Punto fine? Il merito della questione, oggi scansato, torna irrisolto al palo di partenza. Ma in coda, a dar mostra che non s’è fatto un lavoro a vuoto, compare una singolare formula su quel che deve accadere se quella macchina suicidiaria si trova. Il Servizio sanitario nazionale dovrà acquistarla e metterla a disposizione del malato suicida.
Ma che testa-coda: proprio in un giudizio dedicato all’omicidio come via di morte praticabile quando il suicidio è fisicamente impraticabile, si fa il dettato sull’altro e opposto tema: su ciò che la sanità “deve” fare per procurare gli attrezzi della morte suicida. Niente di simile c’era scritto nella sentenza 242 che la Corte costituzionale pubblicò nel 2019 (nota come “Cappato-dj Fabo”). Anzi c’era scritto che «la declaratoria di illegittimità costituzionale si limita a escludere la punibilità dell’aiuto al suicidio nei casi considerati». Si aggiungeva per esplicito «senza creare alcun obbligo di procedere a tale aiuto in capo ai medici». E poi si affidava al servizio sanitario nazionale il compito di «verifica» delle condizioni necessarie e di «verifica» delle modalità esecutive «per evitare abusi in danno delle persone vulnerabili». E i comitati etici erano garanzia.

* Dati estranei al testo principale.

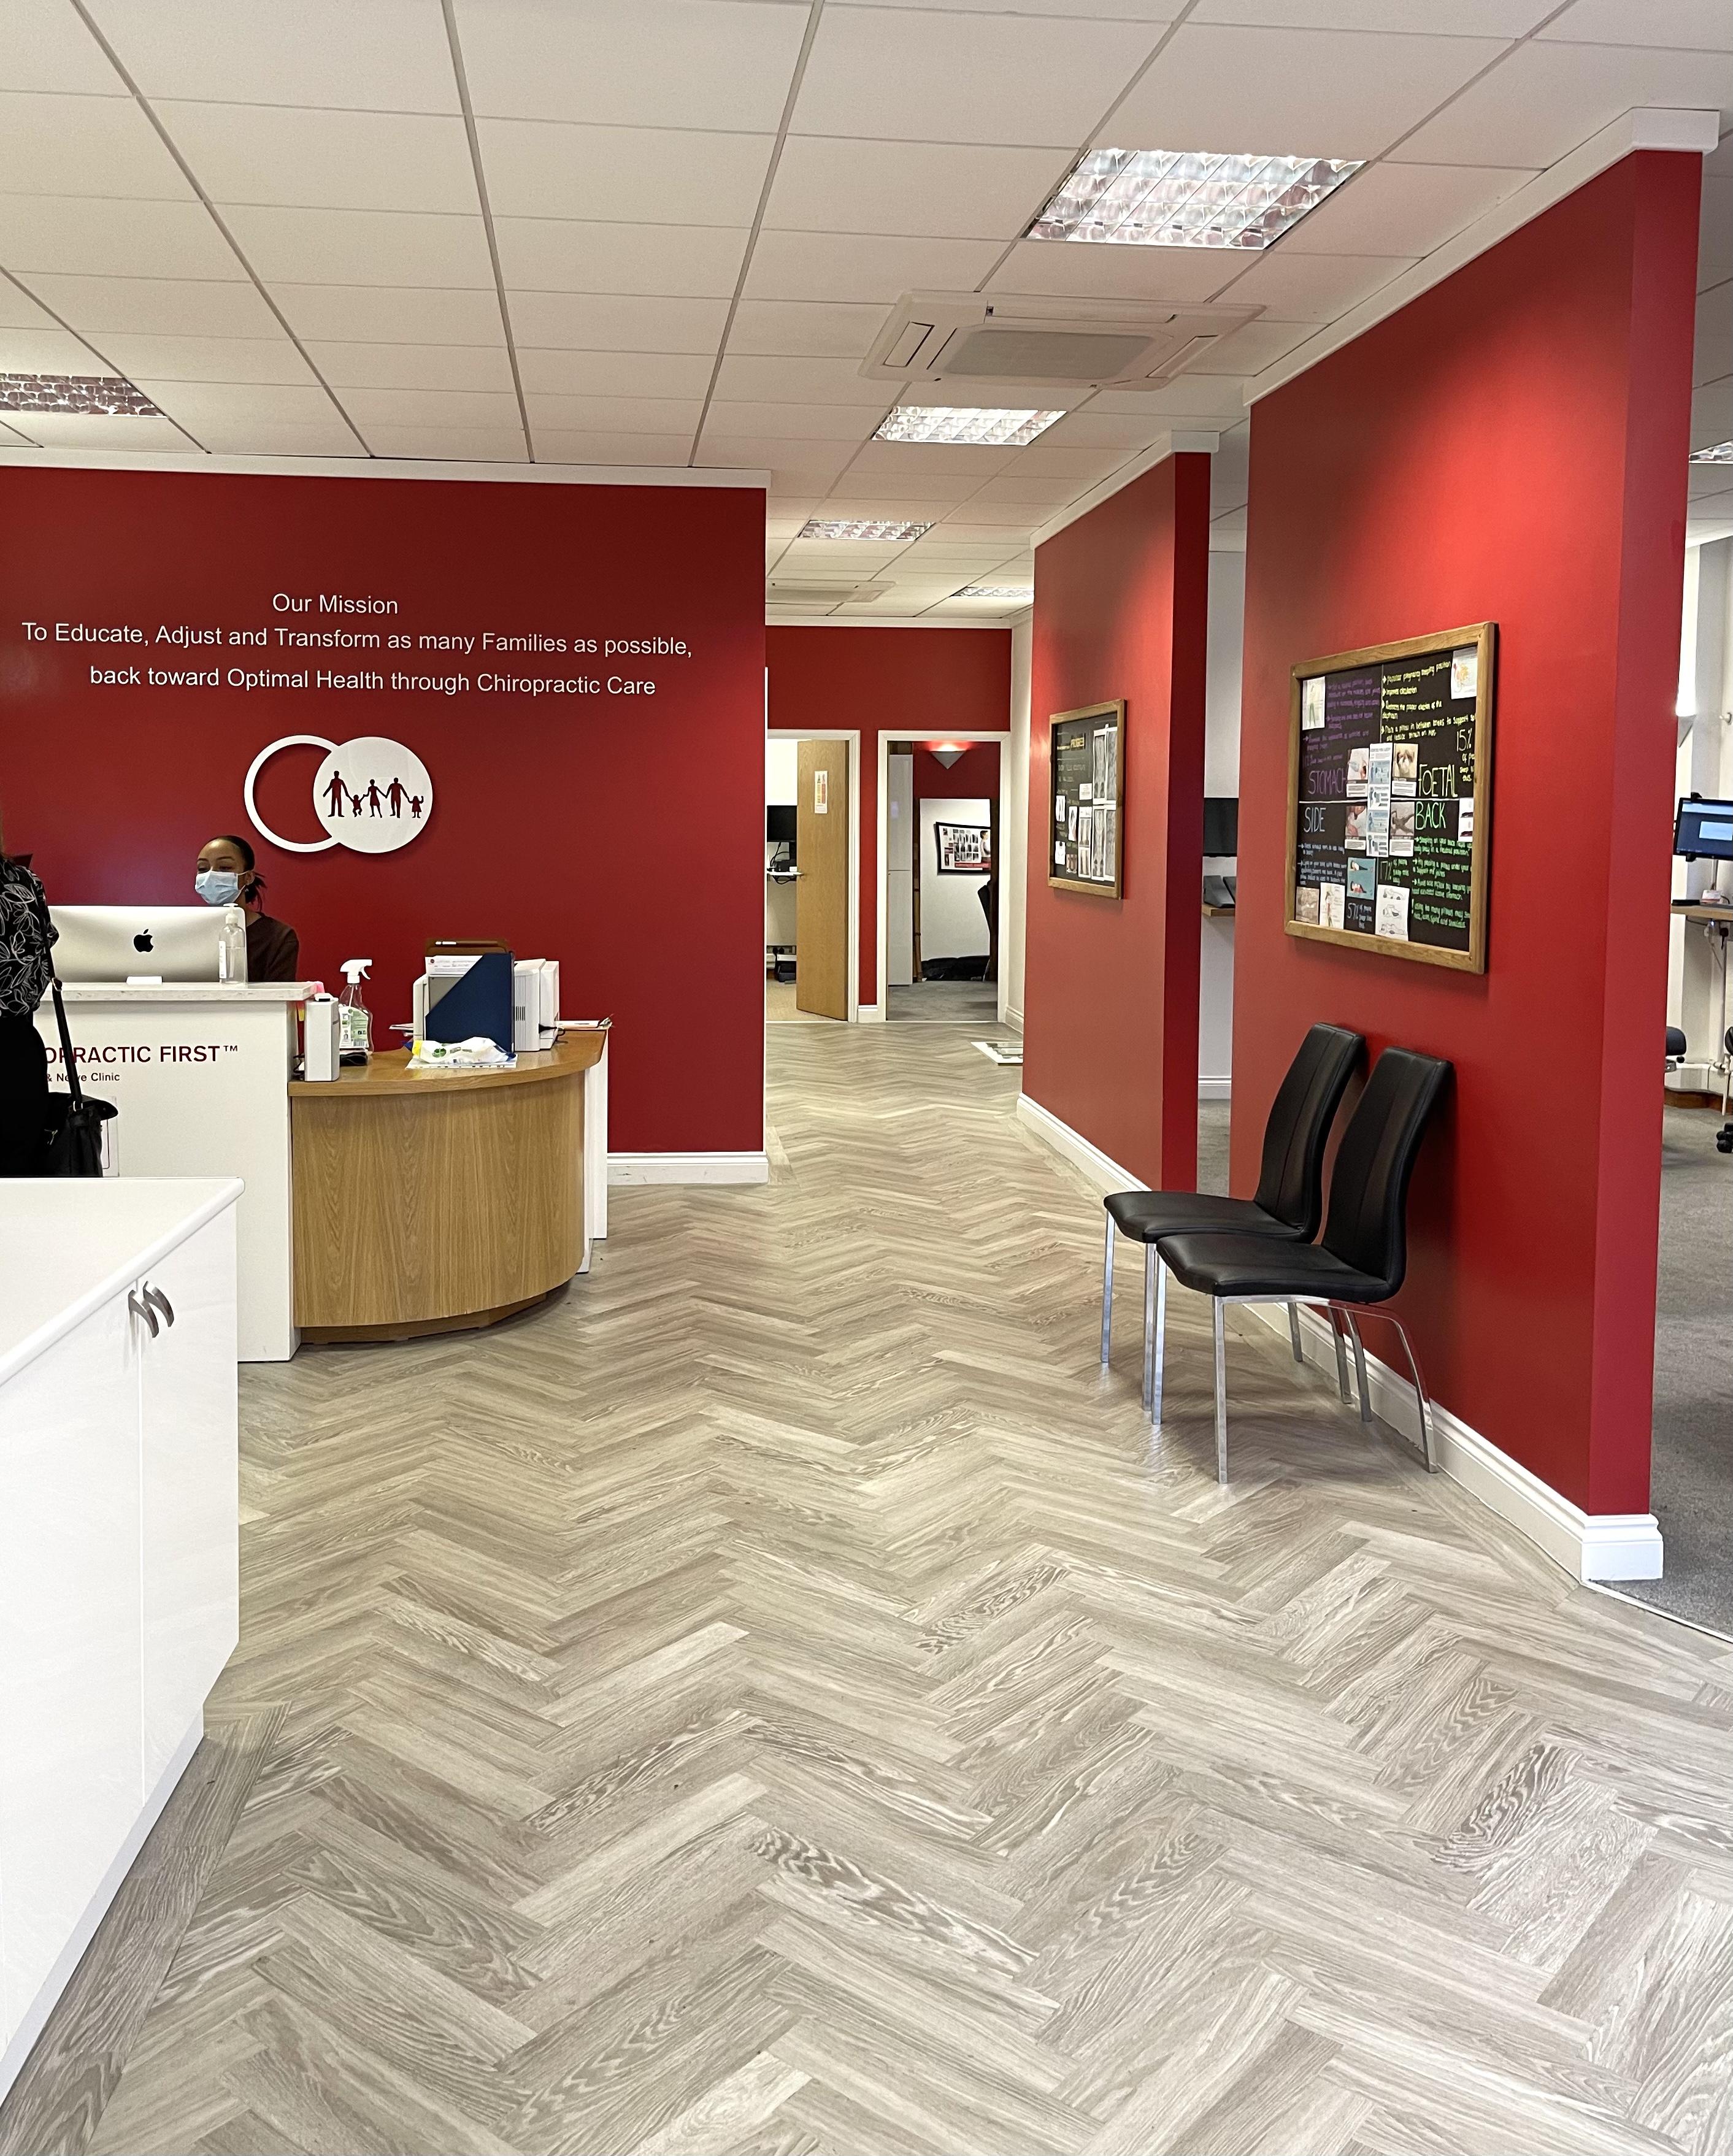 Leeds City Centre's clinic

E il da farsi, infine, era detto ma non dettato, «in attesa della declinazione che potrà darne il legislatore». Niente che riguardasse l’erogazione di un “servizio suicidiario” da inserire nel prontuario terapeutico, cosa che neanche in Svizzera. Ora invece, proprio quando il Parlamento si accinge, dopo lunga inerzia, a mettere a punto la legge così ripetutamente sollecitata, la Consulta gli fa il dettato, e dice come deve funzionare il suicidio in chiave simil-terapeutica, senza accorgersi che così rinnega all’origine la grande legge della Sanità degli anni ’70, dedicata «al mantenimento ed al recupero della salute fisica e psichica di tutta la popolazione senza distinzione di condizioni individuali o sociali».
A ognuno il suo compito. Il Parlamento resta libero nella sua prerogativa sovrana, resta libero persino di fare e di non fare. Ma al punto in cui il bisogno di chiarezza è divenuto così perentorio è lecito pensare che una disciplina esplicita, concentrata sui problemi sorti dalla già avvenuta depenalizzazione settoriale del delitto di aiuto al suicidio, sia ora un compito che è meglio affrontare che ricusare. Consapevoli che vita e morte non sono cose che sondaggisti, attivisti, giureconsulti, politicanti, possono prendere in ostaggio nei recinti dei loro orizzonti d’interesse, perché riguardano il senso dell’essere di ciascuna persona vivente. Chi ha fede sa che ogni persona vivente è “gloria di Dio”, come disse Ireneo di Lione. Chi ha pur solo un naturale rispetto della vita di ciascuno chiederà alla legge l’impegno della solidarietà sociale. Dovrà mettersi in salvo l’aiuto, scongiurare lo scarto, preservare la libertà di coscienza. Ma anche rendere attiva nella società atomizzata che ammicca alla libera morte la presenza di un vangelo della Carità che accoglie, assiste, accompagna, condivide le ragioni di una speranza che trascende il limite della morte.